Martine Syms presents: Hail the New Puritan (1987) + deader than dead (2020)
The artist Martine Syms curates a short-and-feature pairing of experimental dance films by Charles Atlas and Ligia Lewis.
Sep 21, 2022, 8:00 PM
2220 Arts + Archives, 2220 Beverly Blvd, Los Angeles, CA 90057, USA
Curated and introduced by artist Martine Syms
We are thrilled to have artist Martine Syms curate a pair of experimental dance films in advance of the release of her first narrative feature, The African Desperate, opening September 23 in Los Angeles.
Hail the New Puritan
directed by Charles Atlas
1987, U.S., 85m, DCP
Originally aired on British public television in 1986, the pioneering video artist Charles Atlas made this vibrant documentary-fiction hybrid à la A Hard Day’s Night, about a day in the life of Scottish choreographer Michael Clark, famous for combining classical ballet with a post-punk sensibility. It follows Clark’s professional life as the director of a provocative dance company, as their surreal performances seamlessly blend with Clark’s time spent in clubs with the likes of Australian performance artist Leigh Bowery (who also provided the film’s costumes and extravagant sets). Hail the New Puritan is a time capsule of a bygone British avant-garde art scene, with music by The Fall’s Mark E. Smith (whose song “New Puritan” provides the film’s title) and contributions by Glenn Branca and Wire's Bruce Gilbert.
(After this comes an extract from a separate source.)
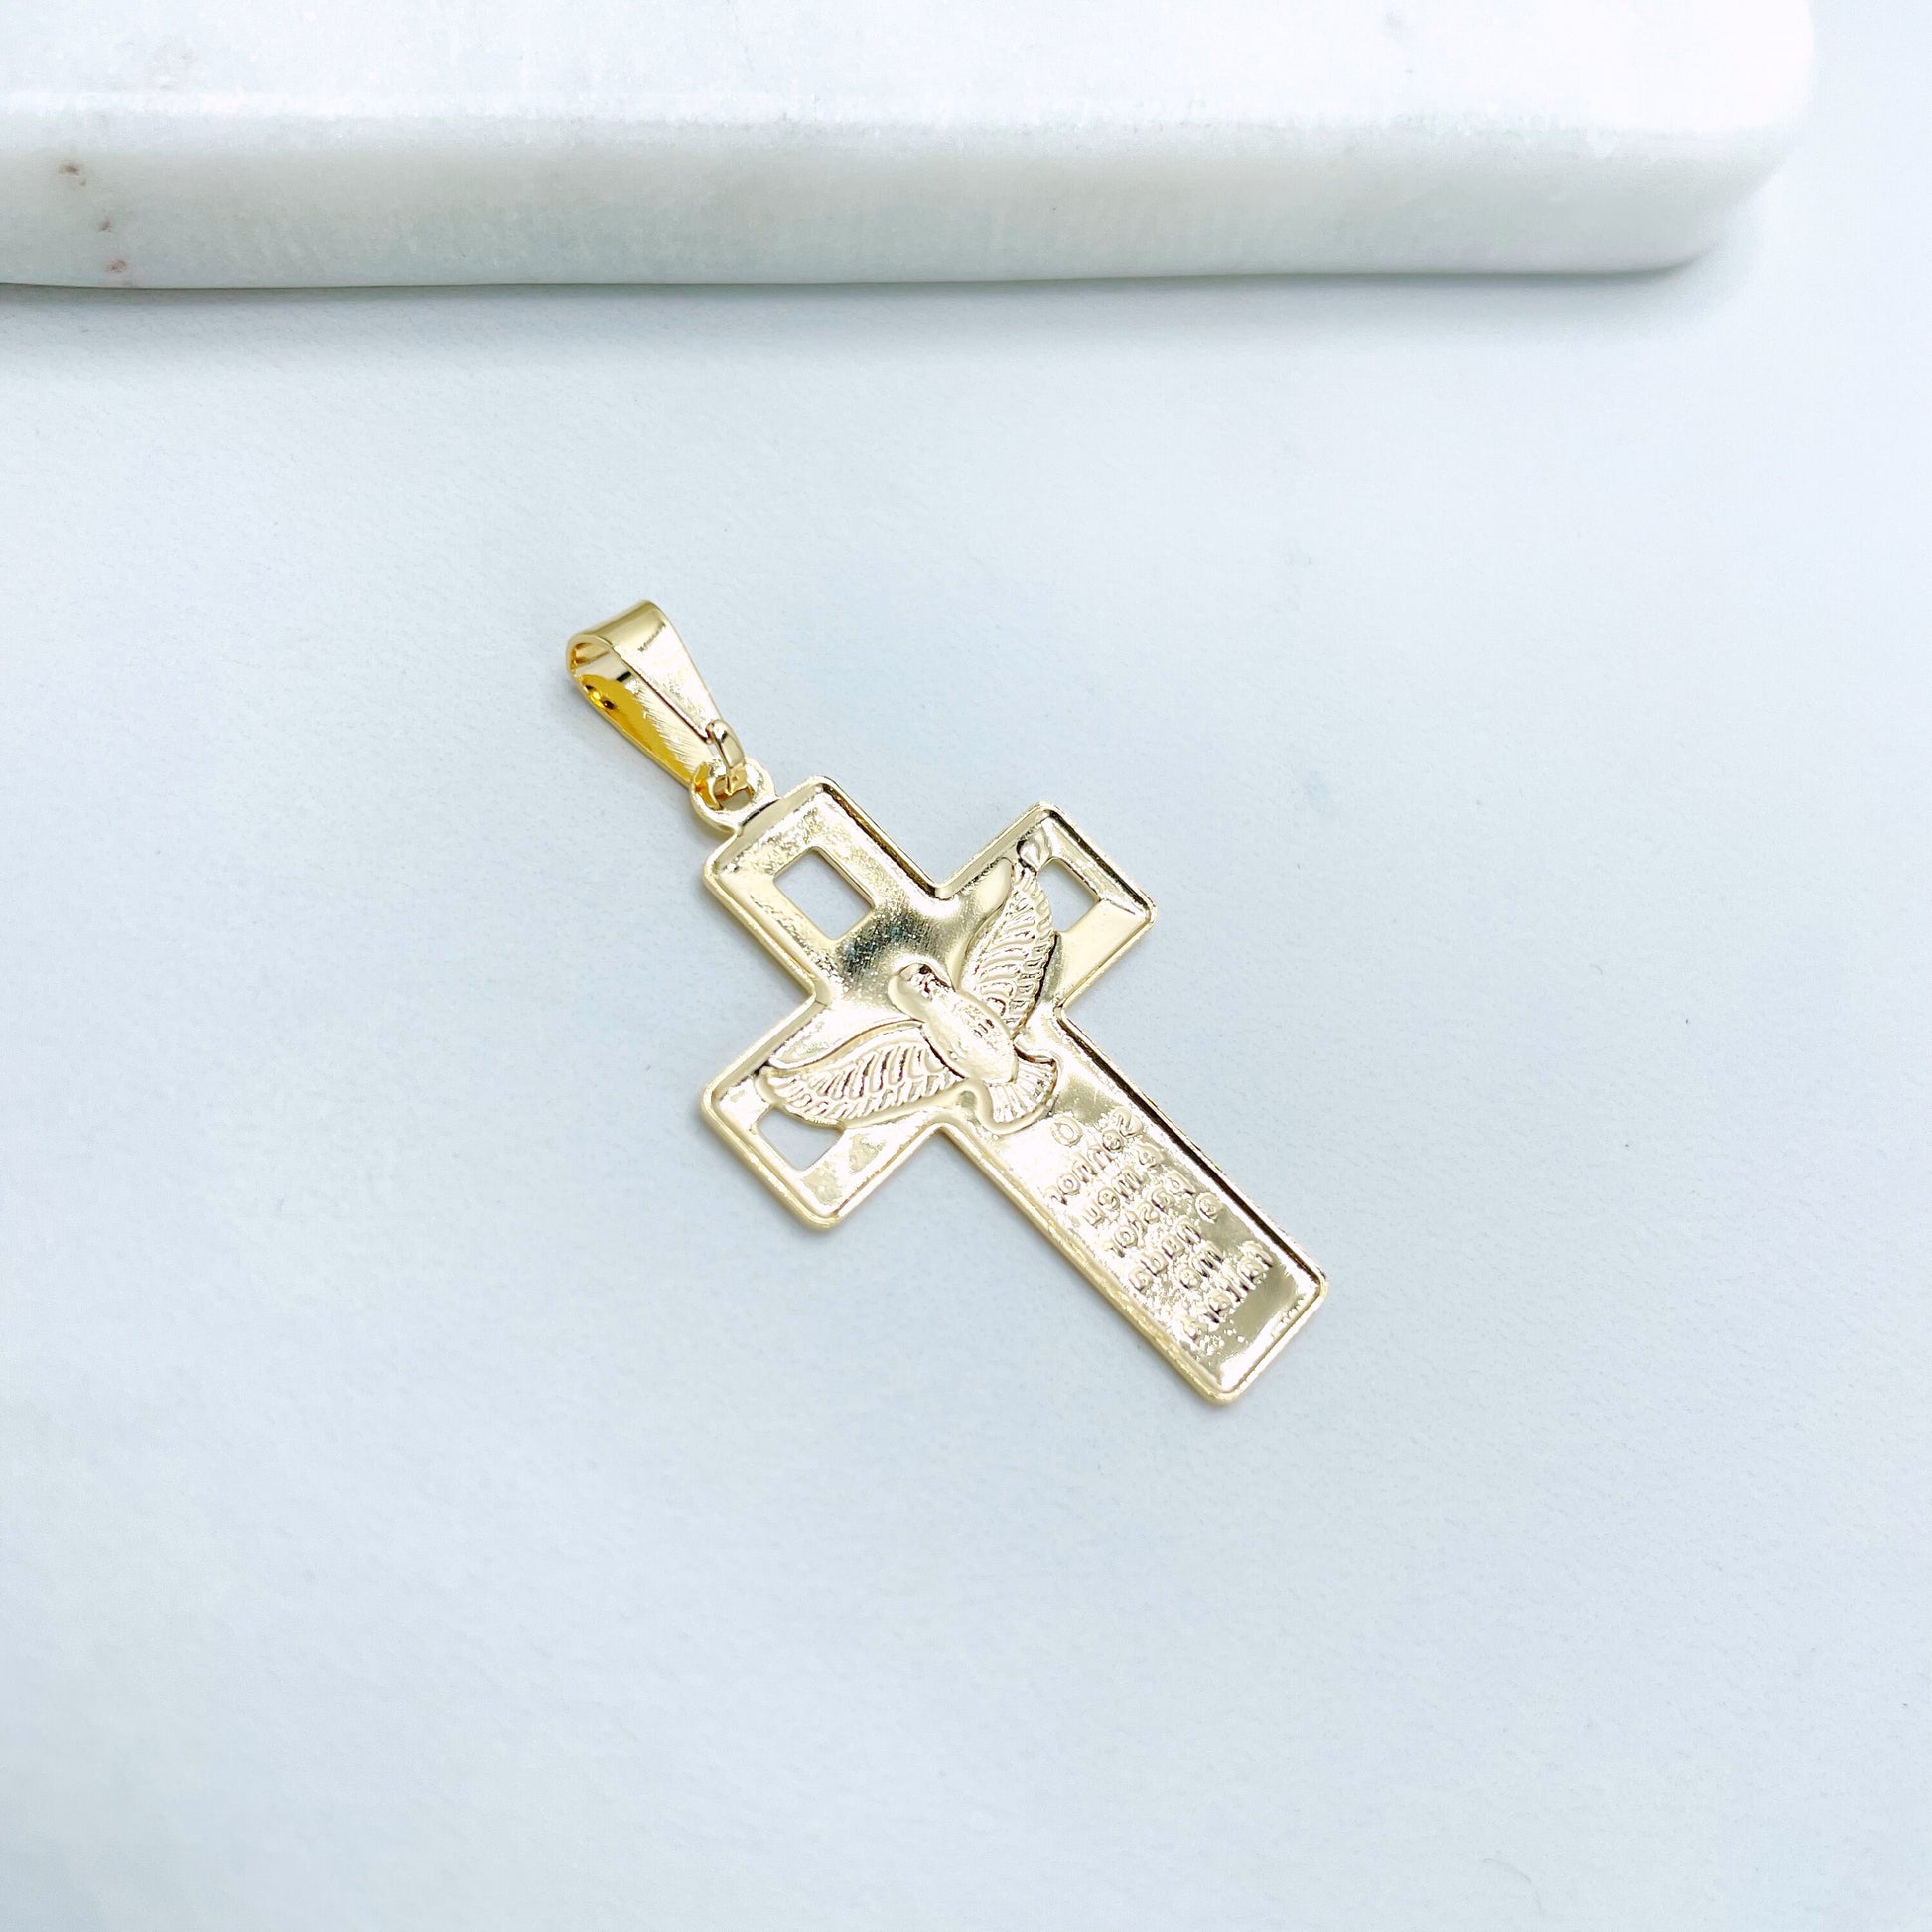 18k Gold Filled Cross Charms Pendant with Dove & Portuguese Bible 23 Psalm Description, Wholesale Jewelry Making Supplies
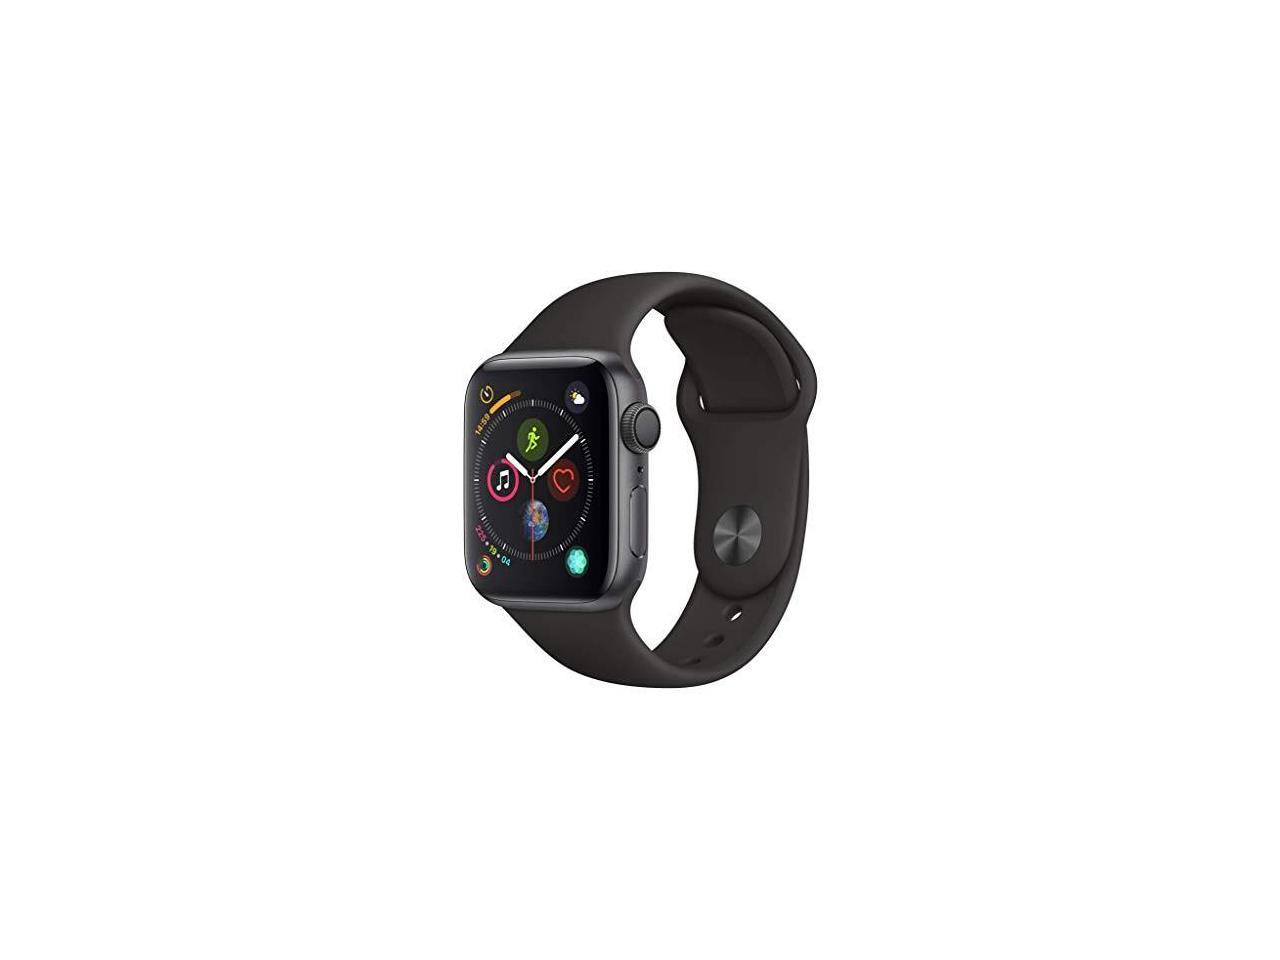 Used - Good: Apple Watch Series 4 GPS, 40mm Space Gray Aluminum

“Transformation and creativity constitute a pointed resistance to Thatcher-era austerity, which bleeds into the film through Atlas’s understated B-roll of London streets… Clark’s desire to be open-ended and unclassifiable also makes the music of The Fall a particularly fitting sonic backdrop; when a politely out-of-touch journalist asks Clark if he understands the band’s songs, he replies, “I have an understanding of them.” … Smith’s words are the bedrock of this jagged sonics of rebellion, his cryptic narratives full of anti-establishment motifs. But their significance is also textural, Smith’s defiantly Northern, working-class accent flung into the face of bourgeois London slickness.” -Chloe Lizotte, Film Comment
“Combining mock interviews with footage of the company’s surreal productions, Hail the New Puritan is a vivid time capsule of Clark’s milieu at a moment when London’s fashion, clubbing, and art scenes intersected and reverberated throughout popular culture…. It emphasizes the creative cross-fertilization that is at the core of both Atlas’s and Clark’s work.” -MoMA
“Charlie [Atlas] … is a master of the embodied camera.”—Martine Syms
deader than dead.
directed by Ligia Lewis
2020, U.S., 20m, DCP
"Conceived, choreographed and directed by Ligia Lewis for Made in L.A. 2020, deader than dead was originally a performance planned for the Hammer Museum galleries that had to be postponed due to the pandemic.
The piece eventually became a film, which has since been shown in various museums and galleries. The creation of the performance began with an investigation into the irony and emotional distance induced by the deadpan, a comically deployed impassive attitude. From this form of immobility, Lewis first developed a choreography for 10 dancers who remained expressively flat or dead, resisting any narrative or figurative hold. Following the pandemic, the cast was reduced to 4 performers and the performance moved towards a more traditionally theatrical presentation. For this filmed version, the dancers are inspired by the final monologue of Macbeth and deploy a modular form in which each chapter illustrates death, stasis or emptiness. The performance is also a reflection on play, on familiarity with tragedy in black communities, on time and its loops, on touch as both an act of care and violence. Nevertheless, Ligia Lewis infuses her proposal with a good dose of humour and comedic springs, taking up the concept of corpsing - a theatrical term for involuntary laughter at a non-comical moment. The film does not so much document the interpretation of a play as the potential of a performance." -Fondation Galeries Lafayette
“Lewis makes performance about the impossibility and necessity of staking a claim to embodiment, using dark humor and going straight into the void to find what might be trapped inside of what she calls the logics of the canon.”—Martine Syms
Special thanks to Karl McCool (EAI), Chris Wells and Michael Lieberman (MUBI) and Ligia Lewis.
Martine Syms is an artist who has earned wide recognition for a practice that combines conceptual grit, humor, and social commentary. She has shown extensively including solo exhibitions at the Museum of Modern Art, the Art Institute of Chicago, and the Tate Modern. She has also done commissioned work for brands such as Prada, Nike, Celine, Kanye West, and NTS, among others. She is a recipient of the Creative Capital Award, a United States Artists fellowship, the Tiffany Foundation award, and the Future Fields Art Prize. She is in a band called Aunt Sister and hosts Double Penetration, a monthly radio show on NTS. She also runs Dominica Publishing.